Both are my great loves, my great passions, but I have to recognise that it's music that has given me everything, including the opportunity to move into other artistic scenes. Although most people know me for my music career and from presenting on TV, it's fashion that has made me most visible.
At what point did you decide to become a designer and why?
It happened empirically and spontaneously, due to my father being a tailor and my grandmother a dressmaker as well as school teacher and singer. After being one of the founders of the first hip hop clothing labels in Colombia and through developing design. When I say that music has given me everything, I refer the fact that I was immersed in the music scene from eleven years old. As a singer, I've always been concerned about what I wear to go on stage. Dressing me has been as important for me as having the song sounding in tune, and I started to detect that 15 years ago, when there was no internet or social webs, that I was a making an impact with my fashion statement within the hip hop community. Many women copied my hairstyles and way of dressing, and after a failed trip to Israel, on the way back to Colombia was when a friend told me that everyone liked how I dressed and why didn't I study fashion design. Having always had sewing and dressmaking around me in my house growing up, I had no idea that there was such a thing as career in fashion design. It seemed like a good idea, so when I got back from the journey I looked for all the fashion schools that I could start at straight away. When I started to study, in my first semester, I knew absolutely nothing about mould making, it was in the second semester in a class studying the history of the suit, when I realised that I had discovered another art that moved me inside, just like music. Fashion design had just become that new love that I could use to express what I feel deep within me.

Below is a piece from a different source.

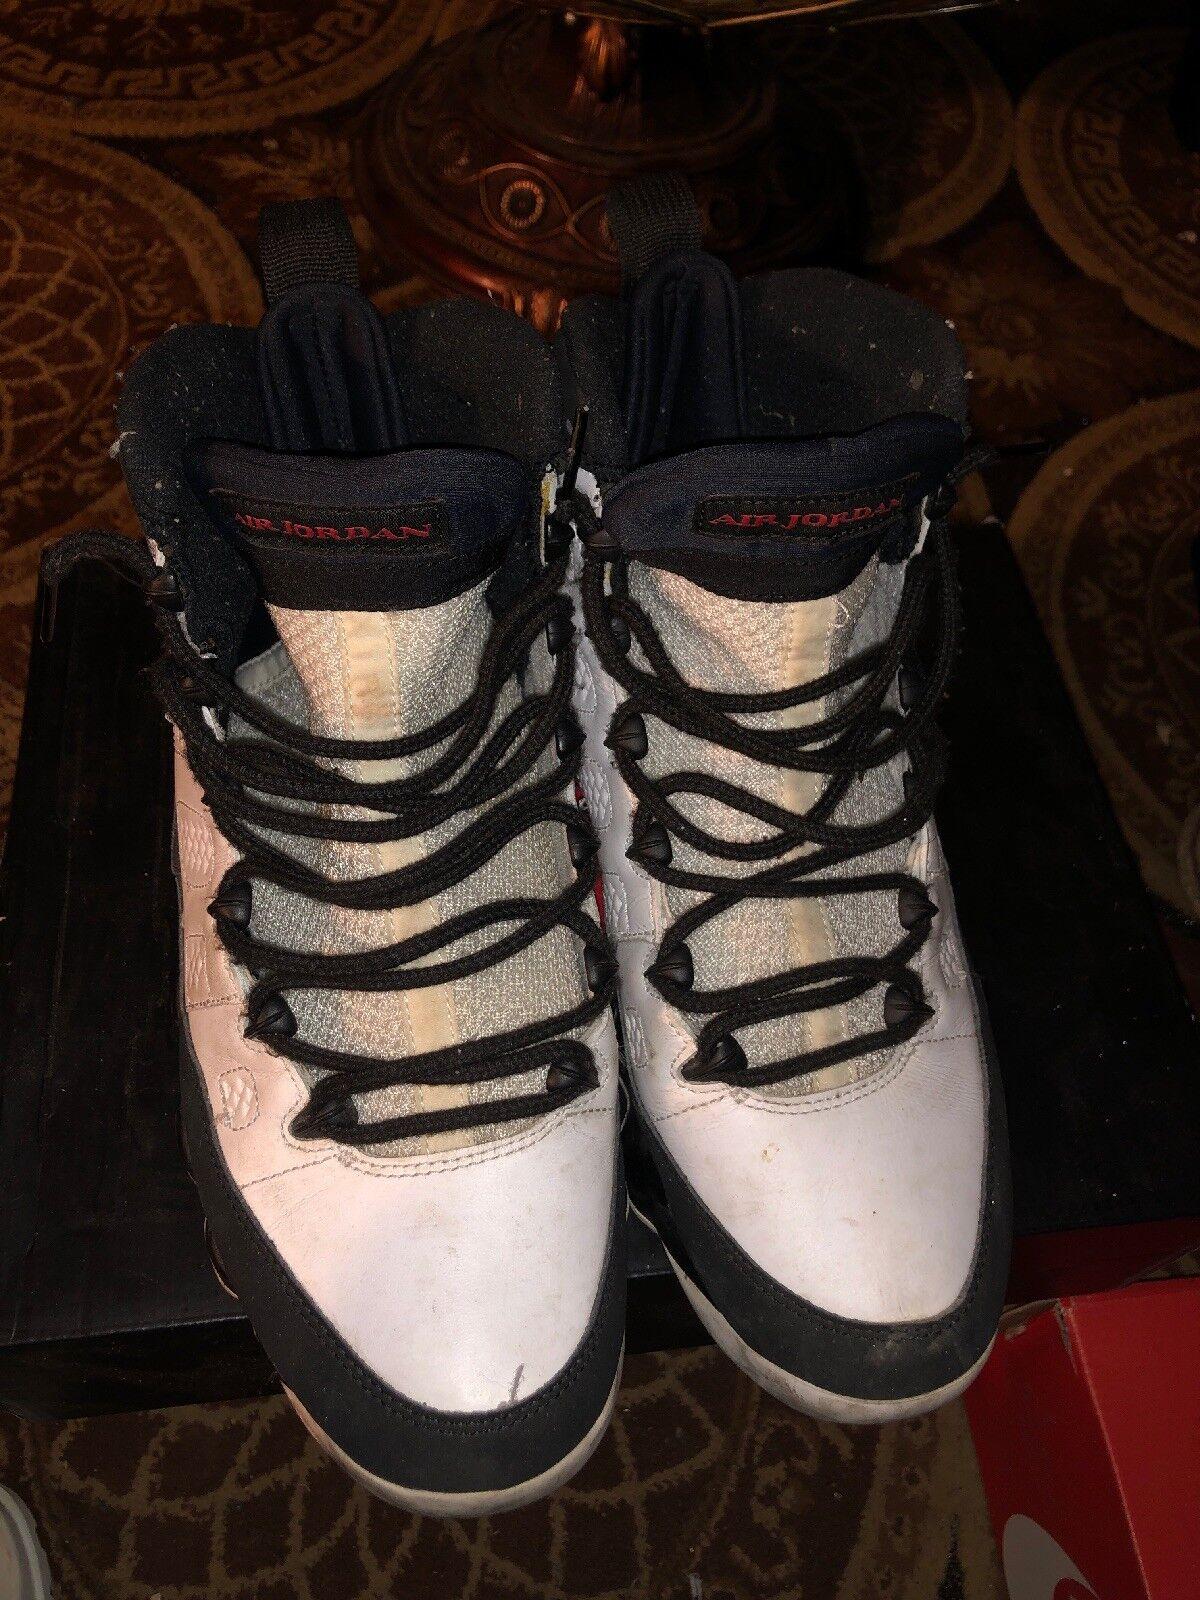 Jordans Retro 9s Jordan 9 Original  Air Jams  302370 Para hombres Baloncesto Space zapatos
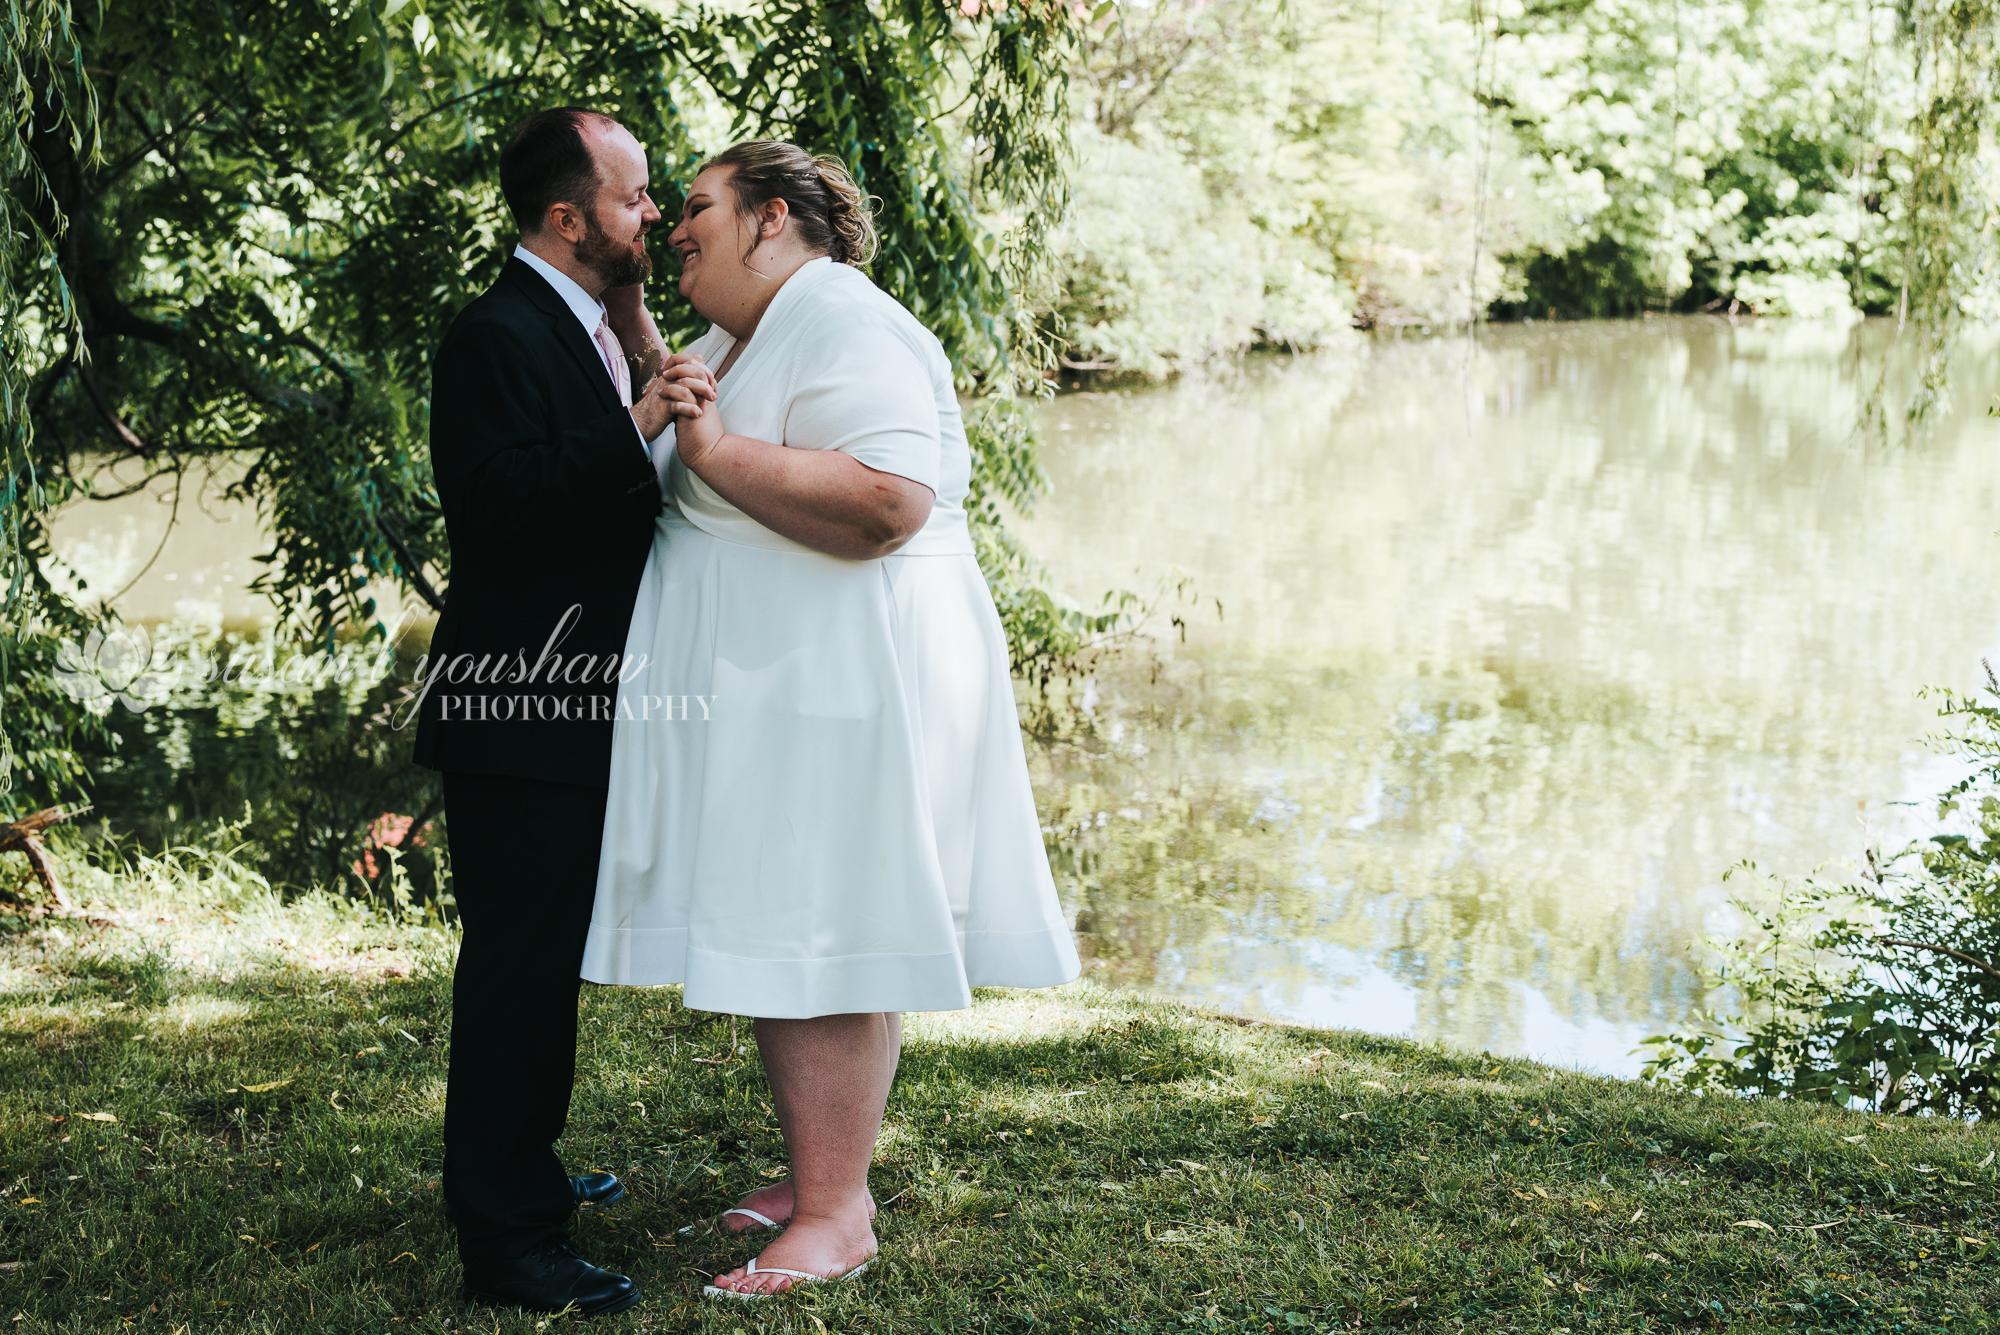 Bill and Sarah Wedding Photos 06-08-2019 SLY Photography -66.jpg

You use a lot of African prints, why is that so important for you?
The "Lia Samantha" label exists because it my personal taste and style. The prints are very dynamic and I've always felt a connection, and through understanding the history and messages that are printed into the fabrics, I learned what why I'd liked them from the start. When I first saw them I felt a huge impact and drawn in, but I knew that it was more than just the colour. African prints were also a form of communication between my African ancestors.
Where do you get your fabrics from?
When I have the opportunity to travel abroad with my band to Europe, Canada or the States, as well as doing music I'm finding afro populations, where I've discovered the music, crafts, food and fabrics.
Where do you live now, and where were you born? Or where do you feel your roots lie?
I was born in Bogotá, the capital of Colombia and my parents are from El Chocó, Colombias biggest African settlement, on the Pacific Coast. When you understand that your roots don't belong only to this country you look into yourself to see who you are and where you come from. That's why I feel such a strong connection to Africa and it gives me so much inspiration.
You also have a Raggea Band? How many people, since when?
We're four, and we've been working together for 9 years. It's the strongest and most rooted musical project I've ever known and the ones that has given me the luxury of know some of the biggest festivals in Colombia, Canada, USA South America.
How did you get the idea of becoming a musician?
Rock al Parque 2012 when we played after Cultura Profetica, one of the most inspirational reggae bands from Latin America, and before Black Uhuru, mighty roots sound from Jamaica.
What did you study?
I studied at a religious school led by nuns in 3rd grade primary, when I was 8 years old and I sang in the choir. Later at 11, I founded the church choir in the neighbourhood when I grew up. In that same era, hip hop was becoming popular in the neighbourhoods around there, and then my father arrived from the USA, bringing various music from Run DMC, Public Enemy, KRS1, Fat Boys, all representing the new Afro American music that was giving dignity to a race. Their reality was not so different form mine, and that made me fall in love with their rebel lyrics and those ideals that made part of my growth as a person. As for studying music as such, that's something I've never done, beyond the choir practice in primary school.
Back to Fashion, where do you come up with ideas? What inspires you?
I'm always looking towards Africa and their traditional ways of designing and styling hair. Some of my fashion ideas come from experimenting with and combining my own designs, and some are basic fashion designs that I simply reinterpreted with traditional african prints.